What you have to do ->
Here the job is to transcribe the data verbatim while leaving each picture out.

Source material ->
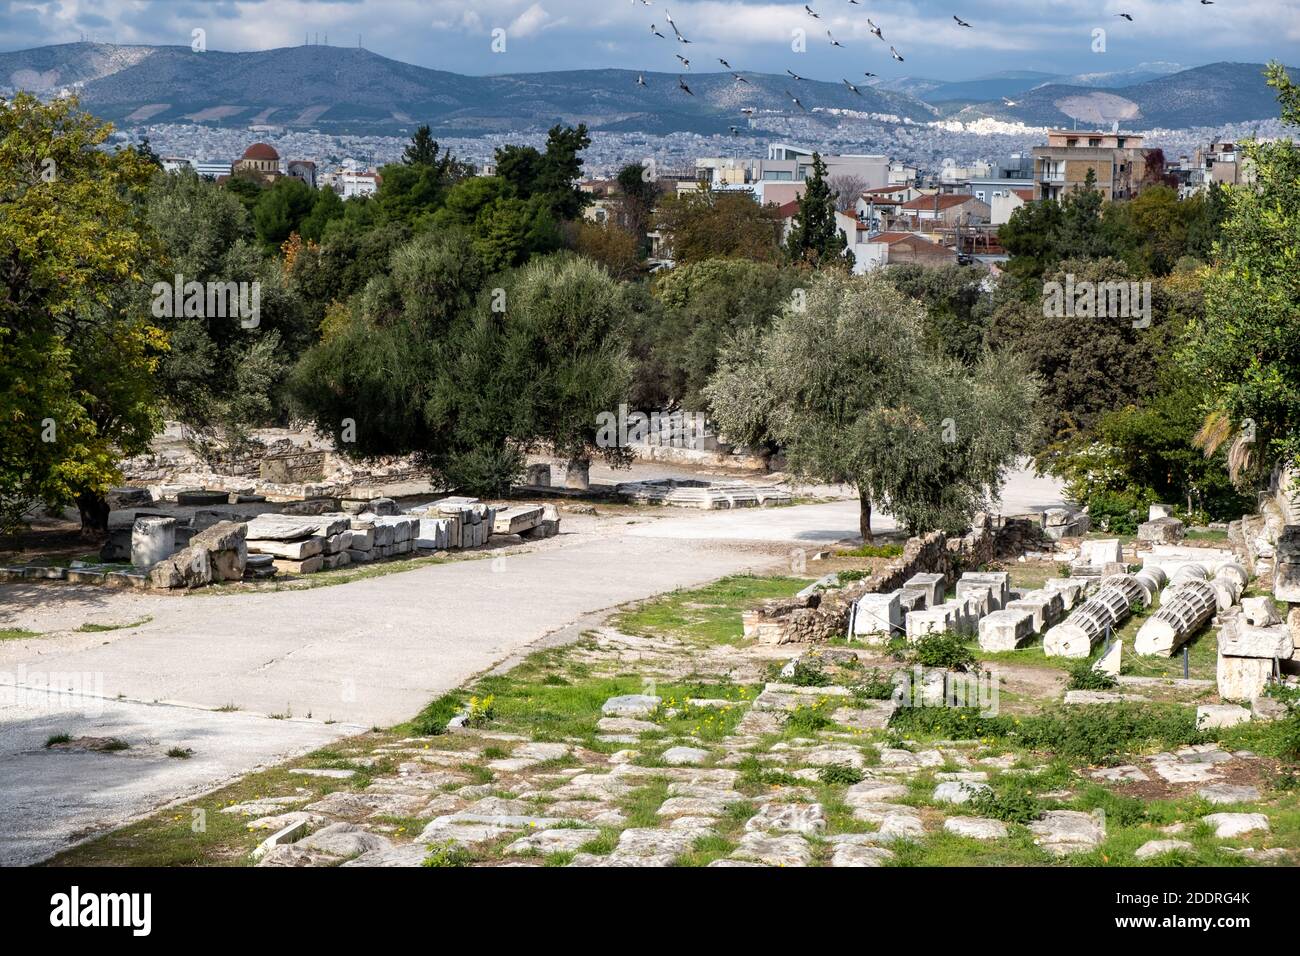 Athen Griechenland, römische Agora. Alte Ruinen, Marmorsäulen auf dem Boden gestapelt, Athen Stadtbild und bewölkten Himmel Hintergrund Stockfoto
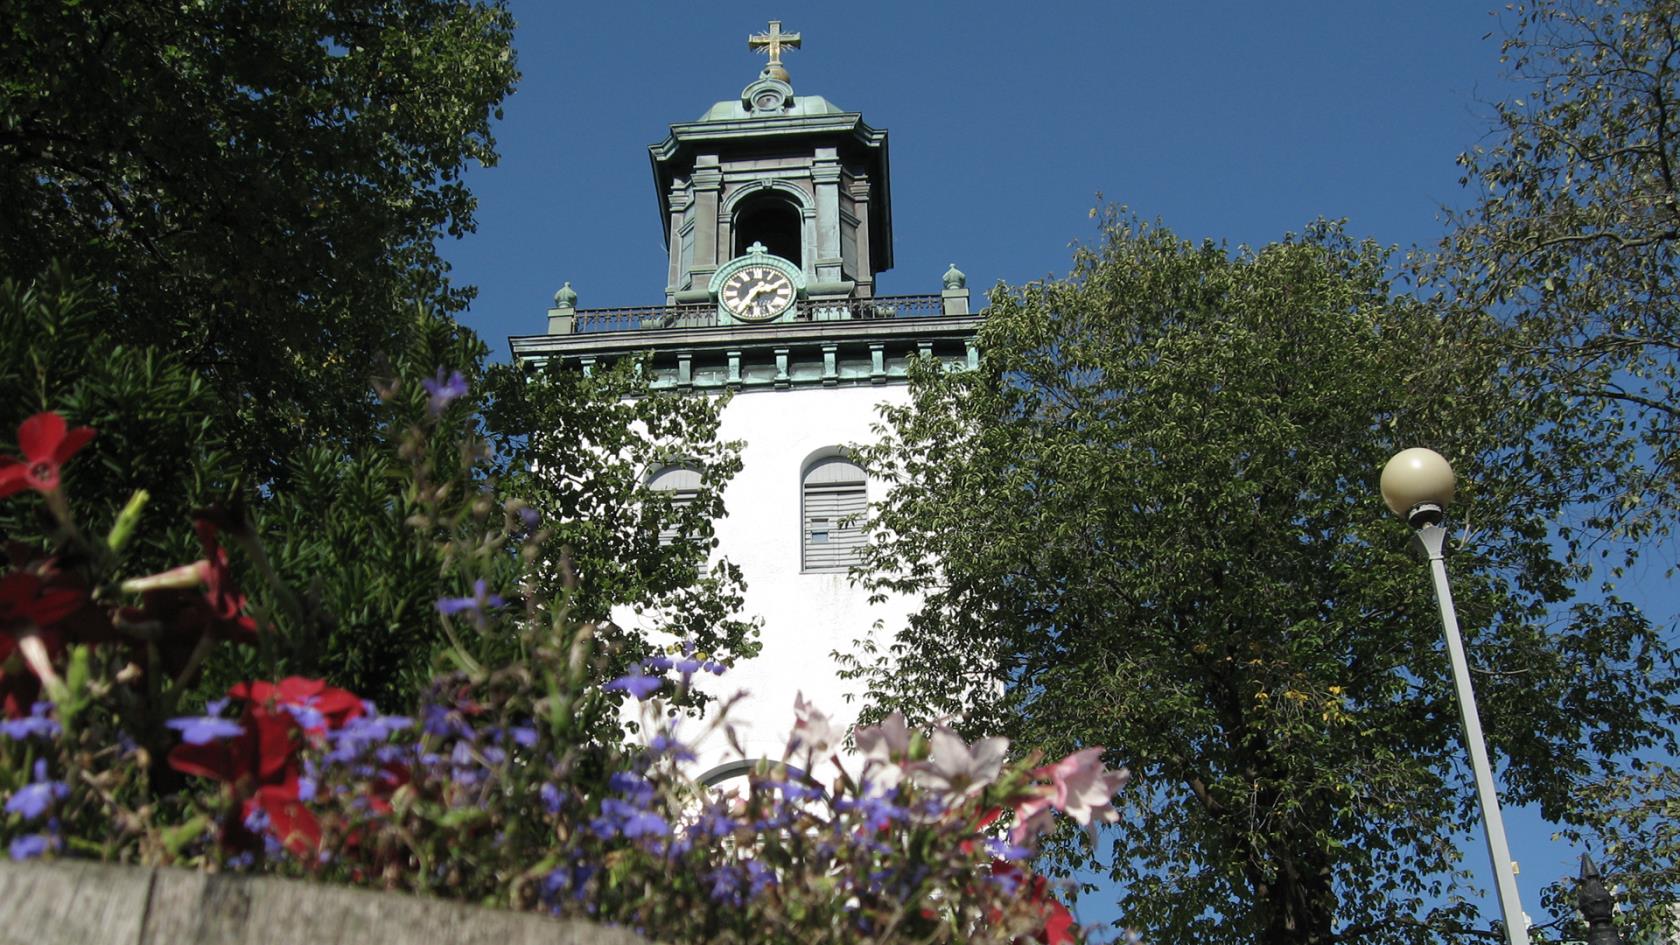 Carl Johans kyrka på sommaren. Framför kyrkan blommar blå och röda blommor.
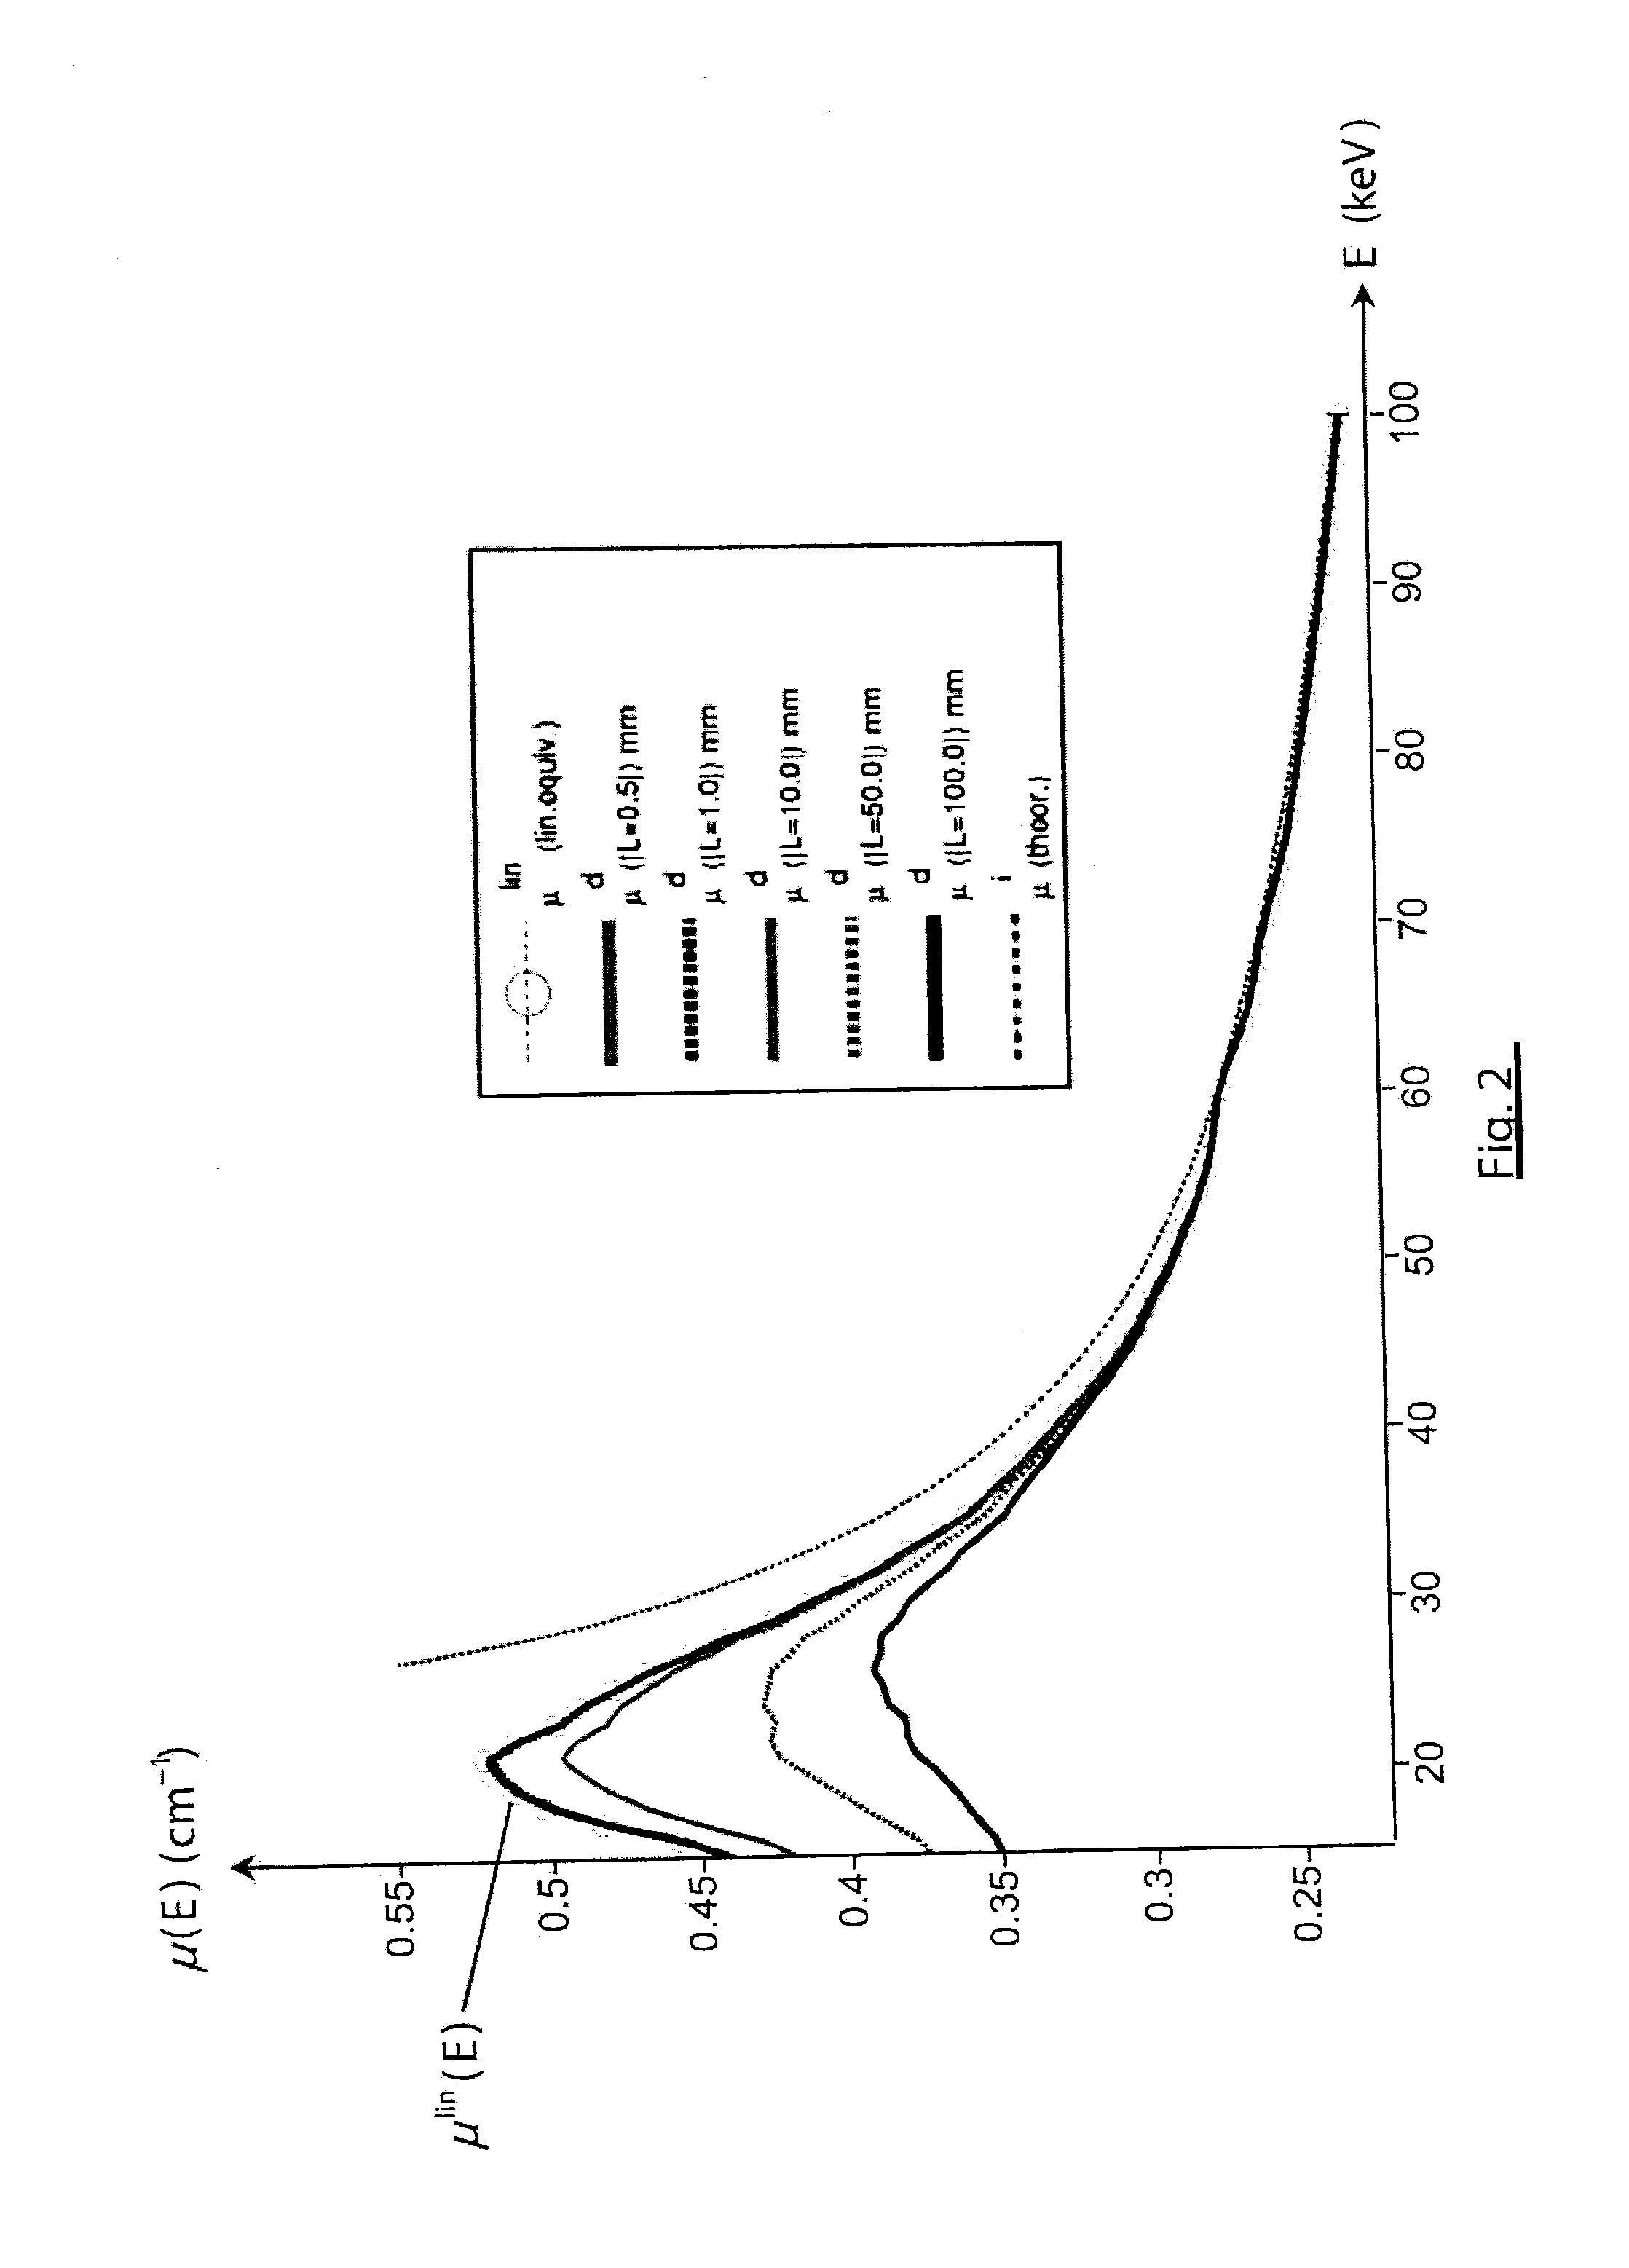 Method for linearizing attenuation measurements taken by a spectrometry sensor

Final answer ->
 Athen Griechenland, römische Agora. Alte Ruinen, Marmorsäulen auf dem Boden gestapelt, Athen Stadtbild und bewölkten Himmel Hintergrund Stockfoto
 Carl Johans kyrka på sommaren. Framför kyrkan blommar blå och röda blommor.
 Method for linearizing attenuation measurements taken by a spectrometry sensor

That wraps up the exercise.